* **TASK DIRECTIONS**: The answer is all of the data repeated exactly, with each picture omitted.

GIVEN MATERIAL Block Start

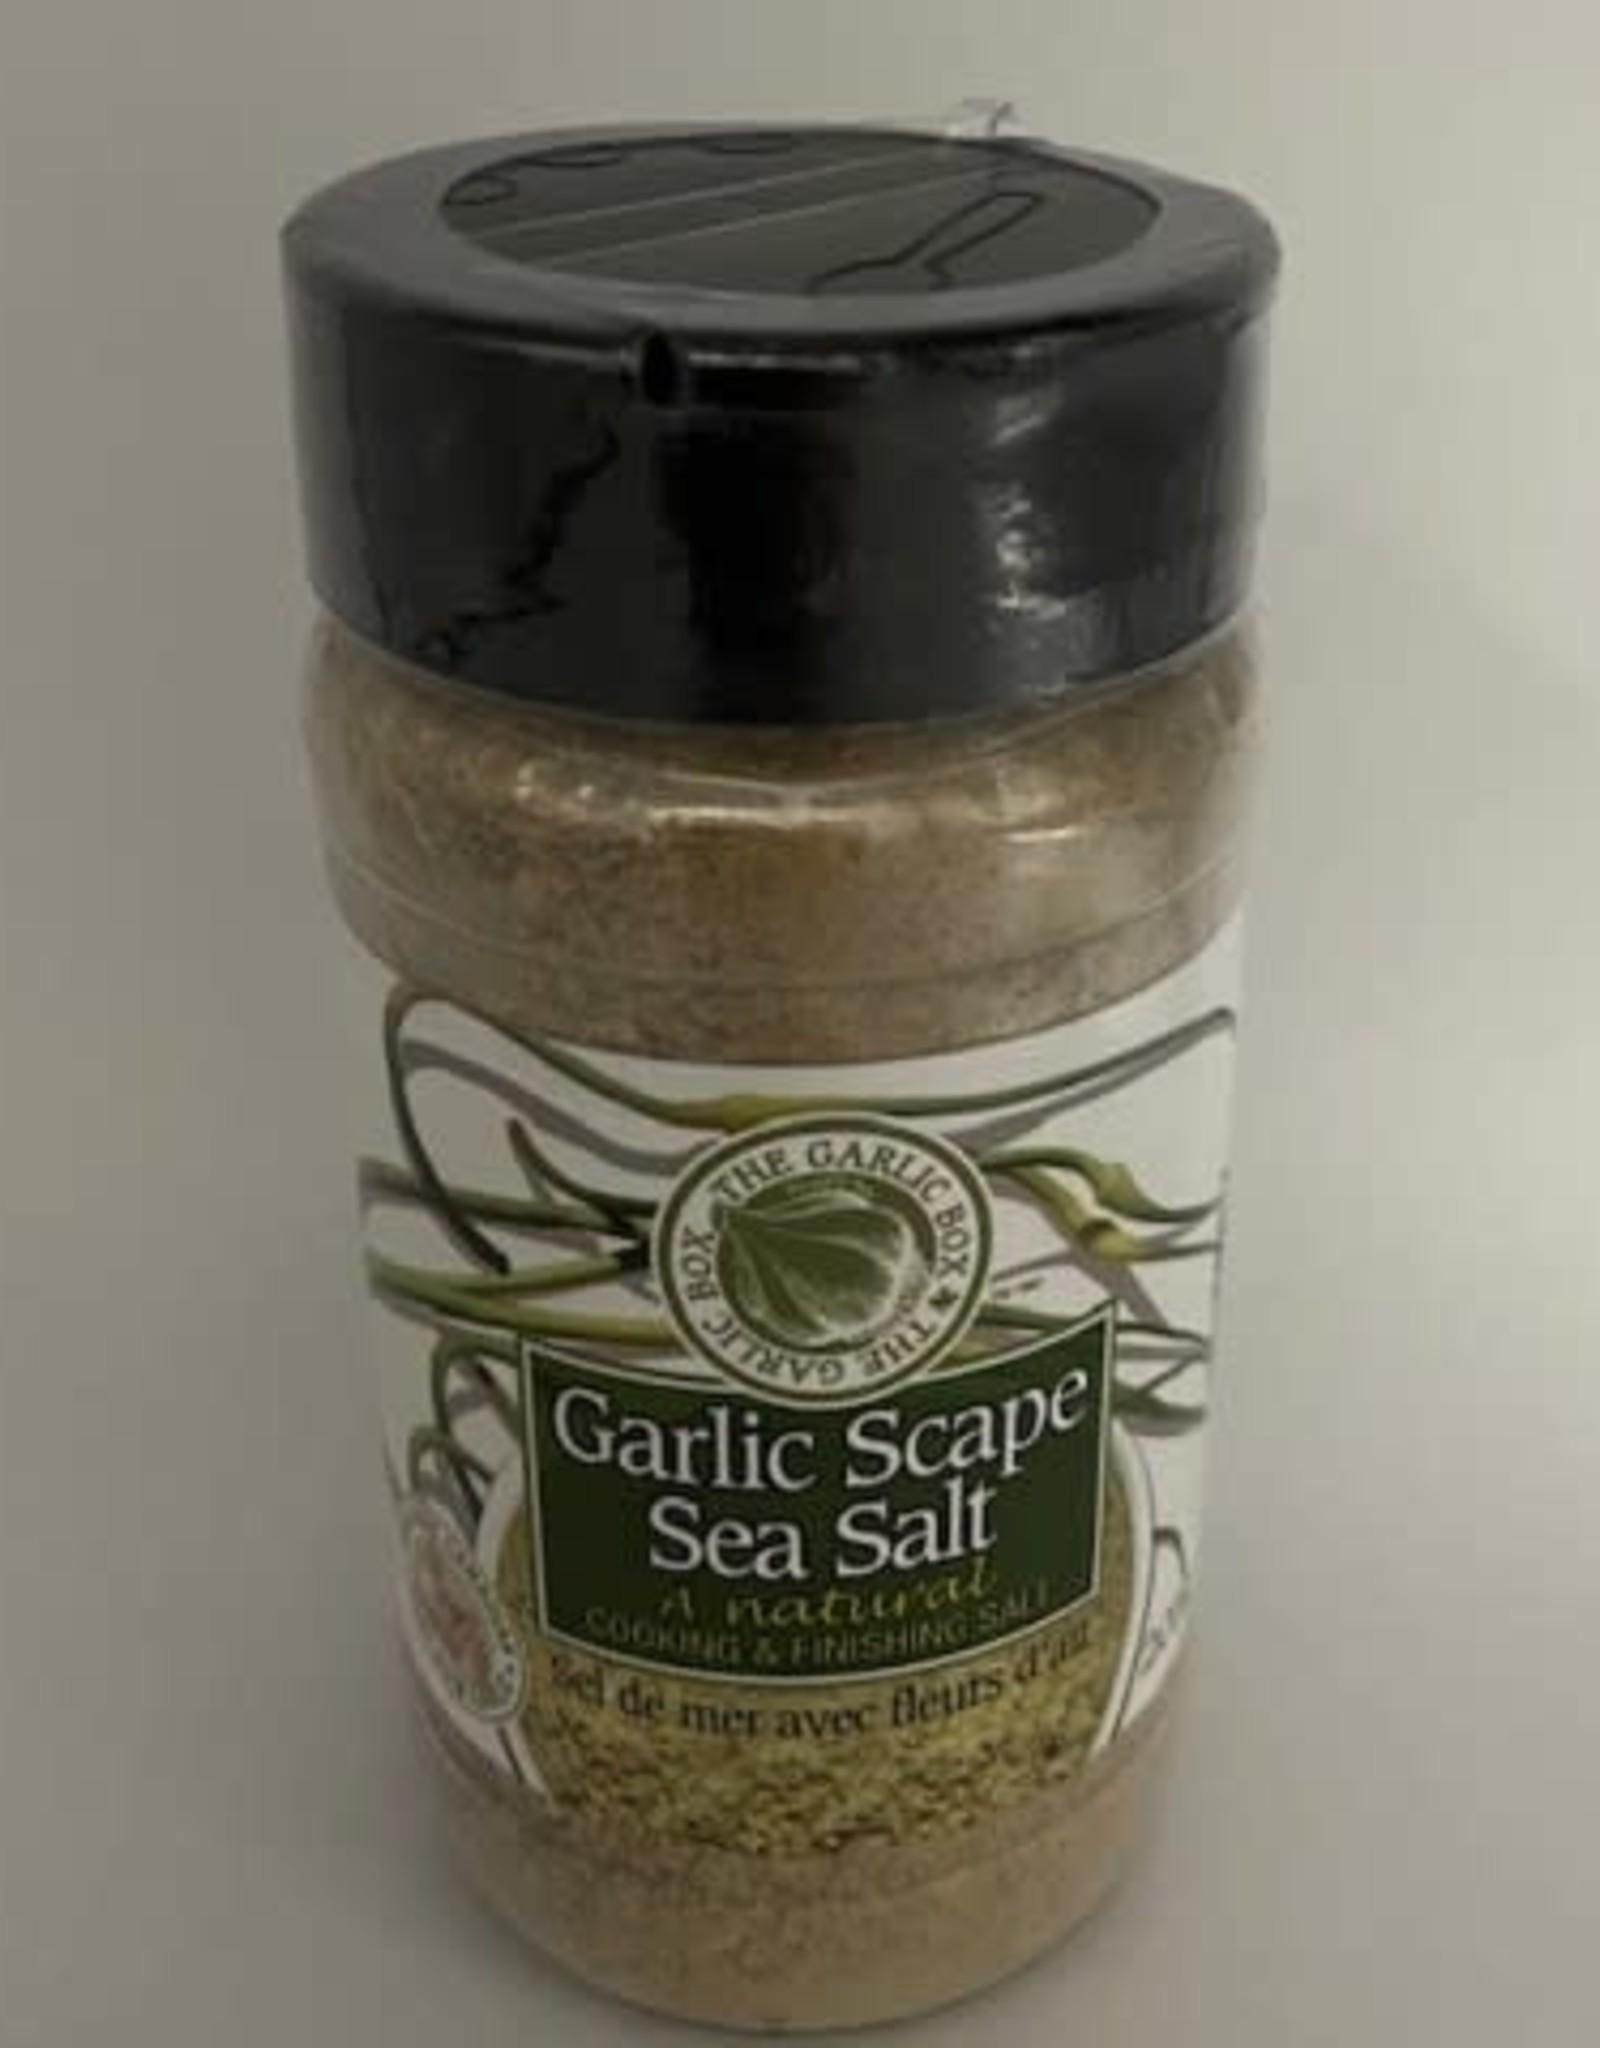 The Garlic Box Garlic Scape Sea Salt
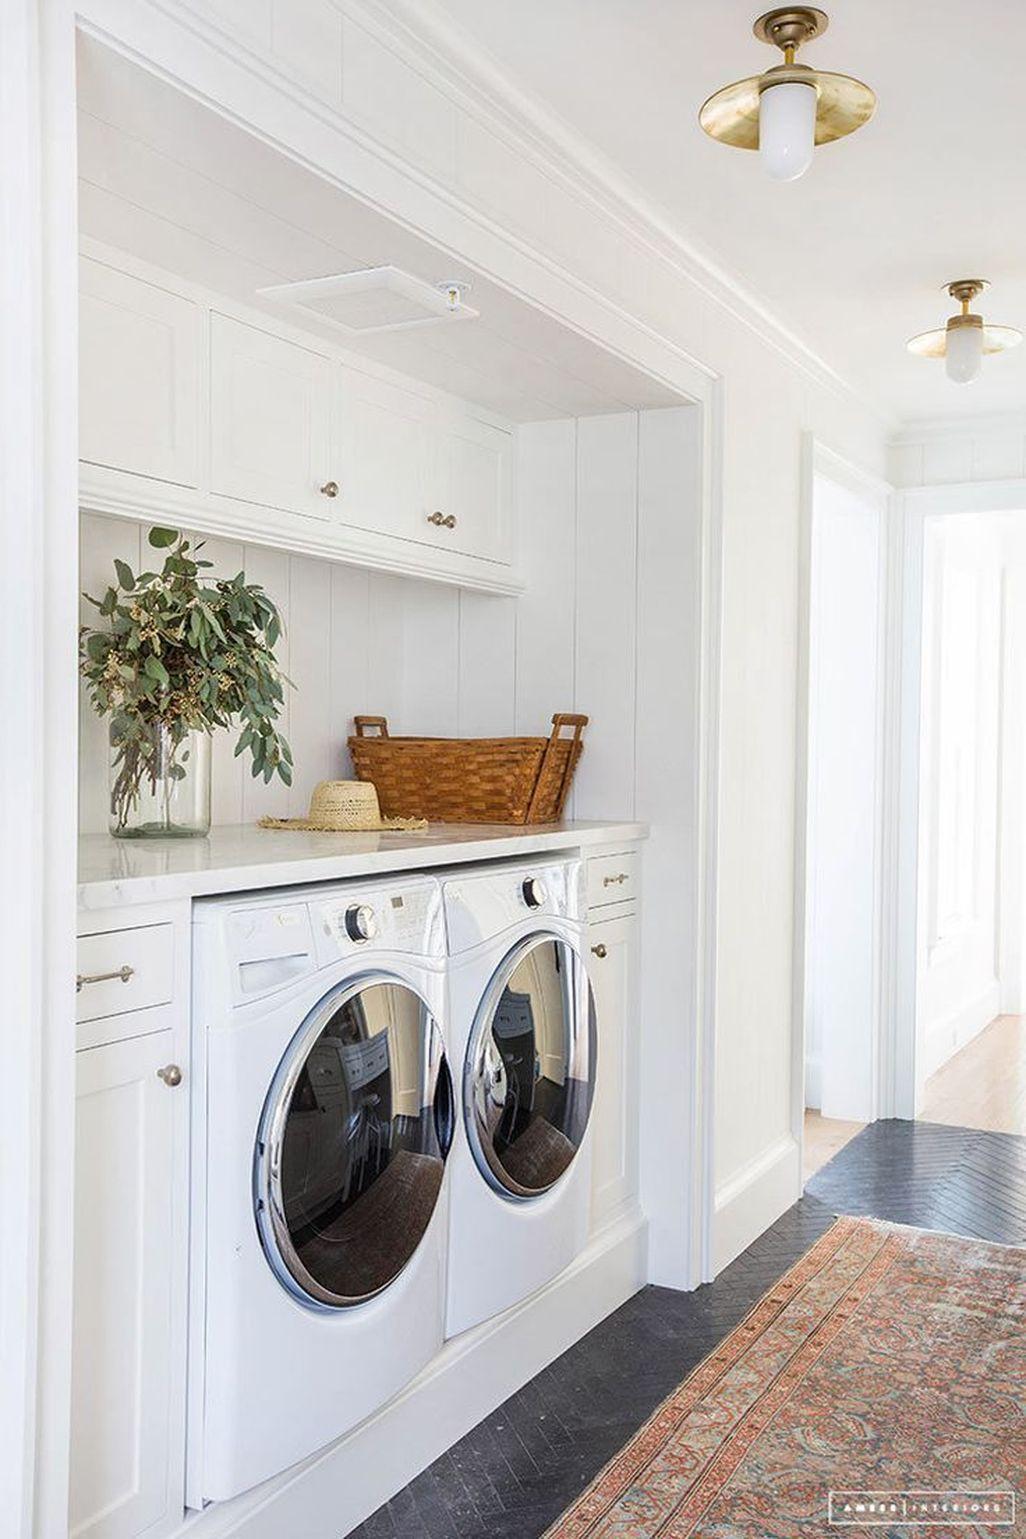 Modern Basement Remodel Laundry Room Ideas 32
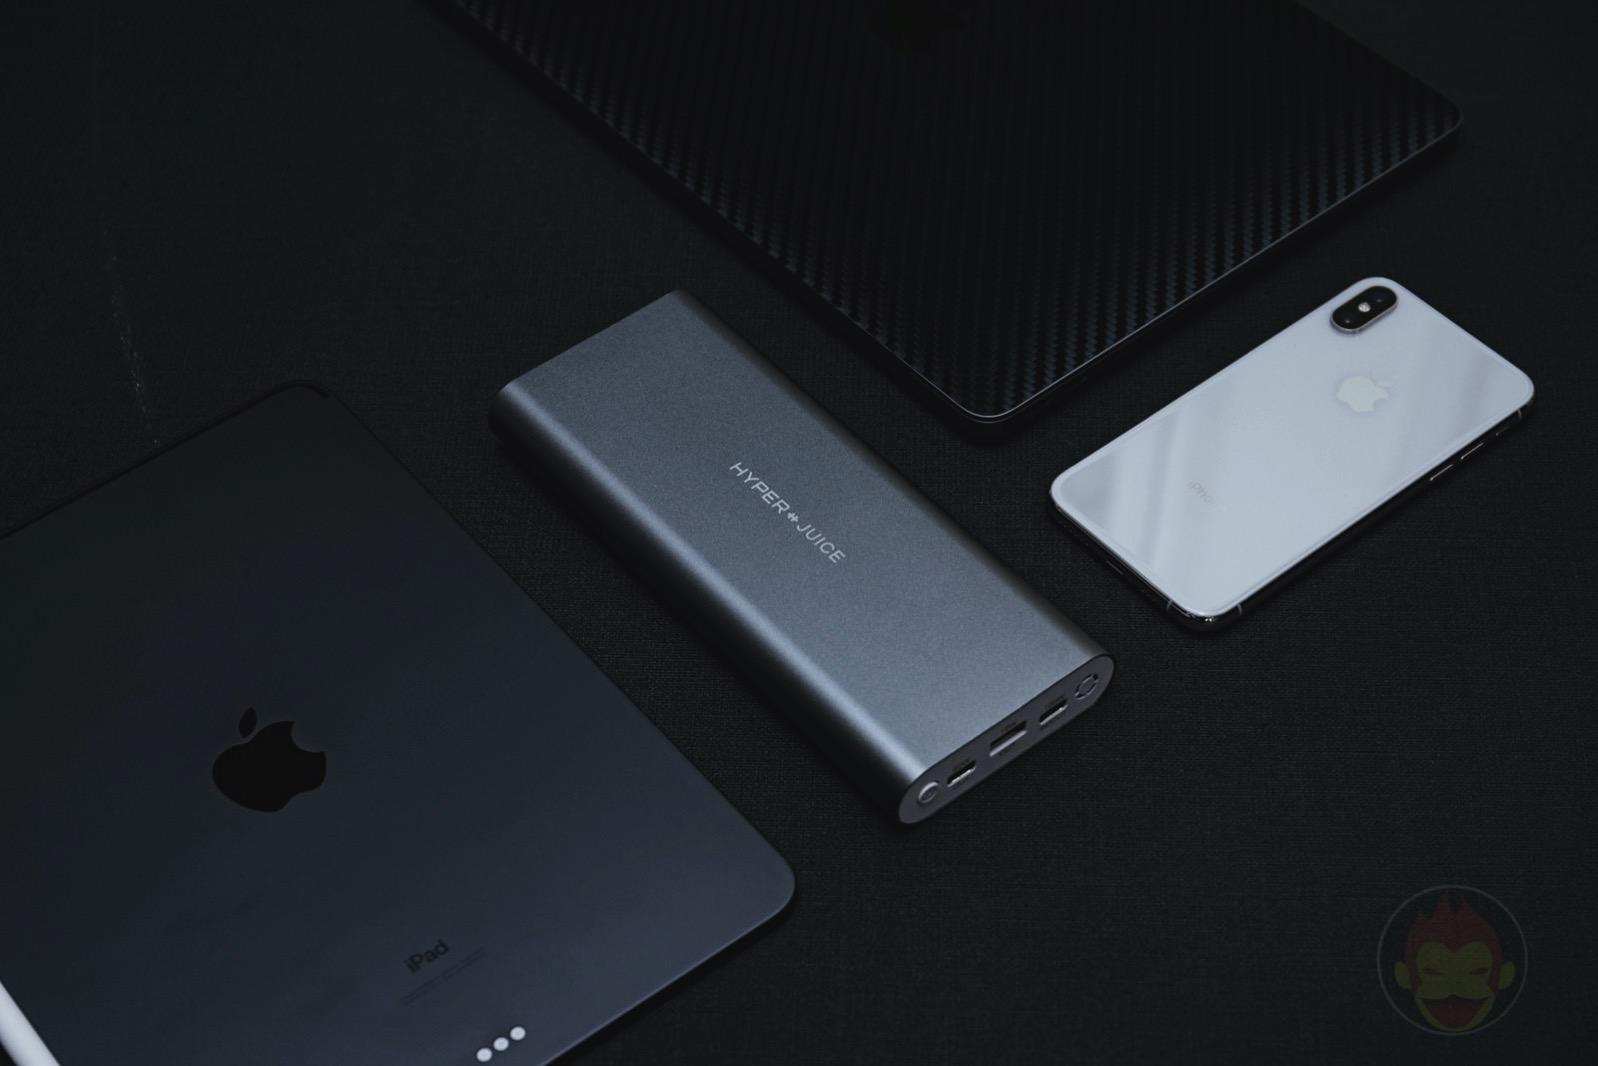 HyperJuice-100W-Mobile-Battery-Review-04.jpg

GIVEN MATERIAL Block End

* **WRITTEN ANSWER**:
 The Garlic Box Garlic Scape Sea Salt
 Modern Basement Remodel Laundry Room Ideas 32
 HyperJuice-100W-Mobile-Battery-Review-04.jpg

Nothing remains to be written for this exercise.